On July 15, the U.N. wrapped up its third and final Preparatory Committee meeting on its Arms Trade Treaty. After a last gathering devoted to procedural matters in early 2012, the U.N. will call a concluding conference in 2012 to adopt the treaty and open it for national ratification. Unfortunately, while the most recent committee improved the treaty, it could not remedy the treaty’s fundamental flaws.
This week, the Senate took notice of this fact. A letter drafted by Senator Jerry Moran (R–KS), and signed by 44 other Senators, alerts the Administration to the signatories’ “grave concern” about the dangers posed by the treaty negotiations. Since two-thirds of Senators present must vote to ratify any treaty, the signatories of the letter can by themselves block the treaty if this or a future Administration signs it.
The letter lays out five concerns, ranging from the U.N.’s hostility to private firearms ownership to the nature of the consensus-based negotiating procedure to the underlying philosophy of the treaty, which, as the signatories note “places the burden of controlling crime and terrorism on law-abiding Americans, instead of where it belongs: on the culpable member states of the United Nations who have failed to take the necessary steps to block trafficking that is already illegal under existing laws and agreements.”
But the letter’s most important point may be that the treaty is intended to cover everything from bullets to battleships.
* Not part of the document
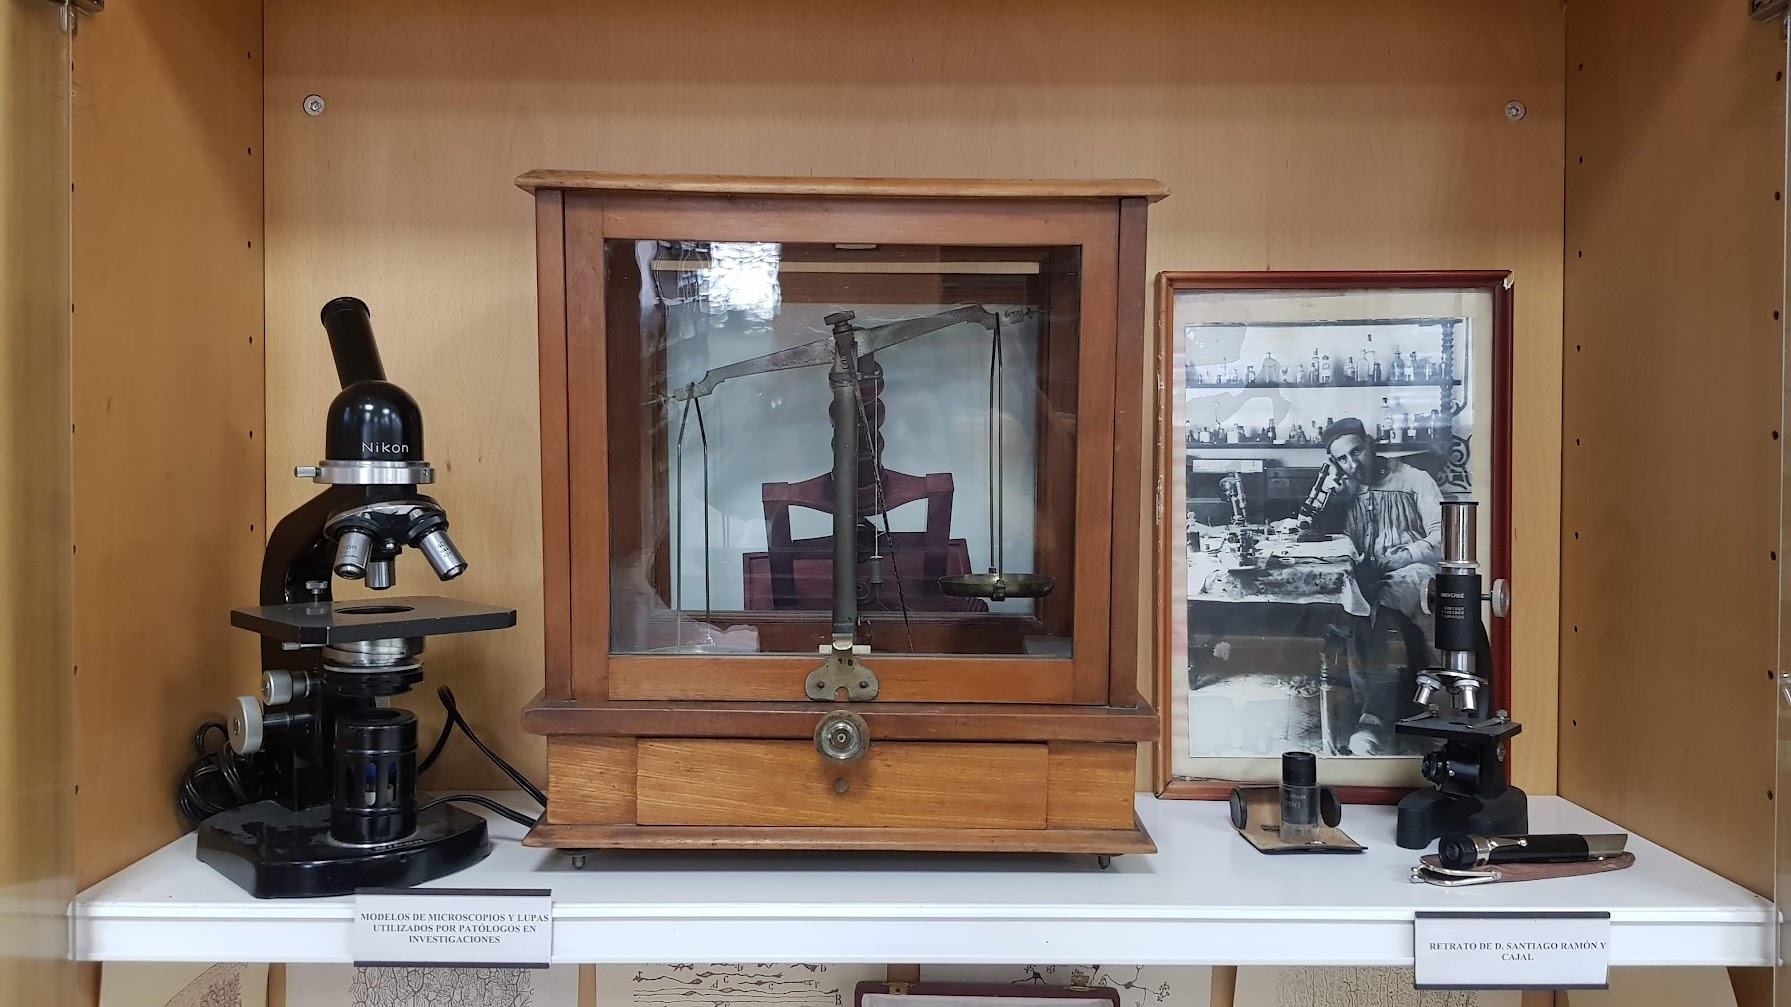 El rincón de Ramón y Cajal en la Biblioteca de Medicina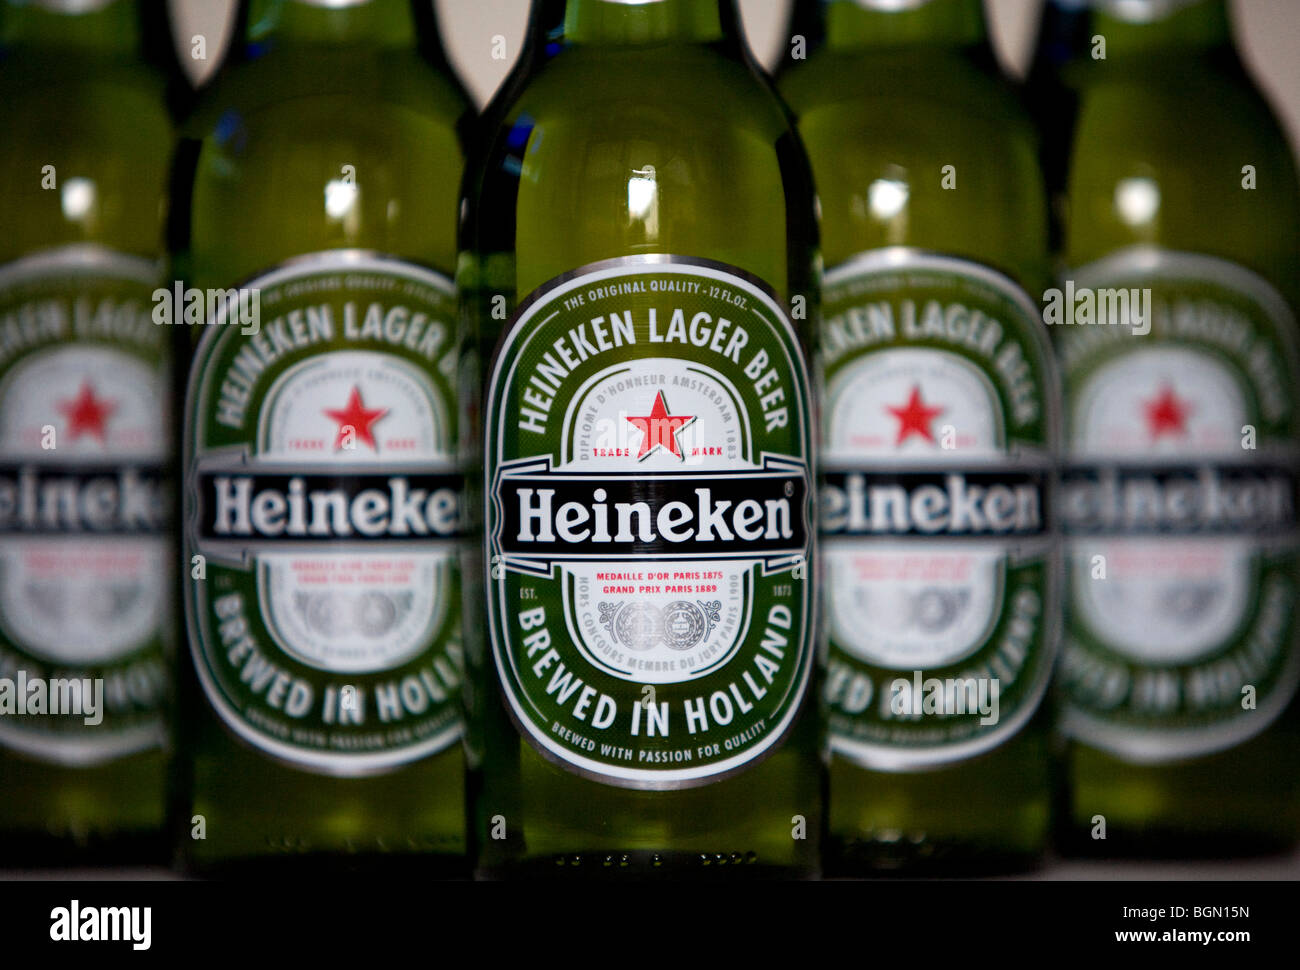 Heineken beer bottles.  Stock Photo

Thus, as the Senators write, the treaty has a “wide-ranging and unrealistic scope,” and as a result the Senate “will eventually be called upon to consider a treaty that is so broad it cannot effectively be subject to our advice and consent.” In short, the treaty tries to do so much that it is unverifiable and so not does not deserve to receive the advice and consent of the Senate.
Senator Moran and his co-signatories have made an important and serious contribution to the debate over the Arms Trade Treaty. As the treaty moves forward in 2012, the Administration and the other nations negotiating it will have to bear these concerns in mind.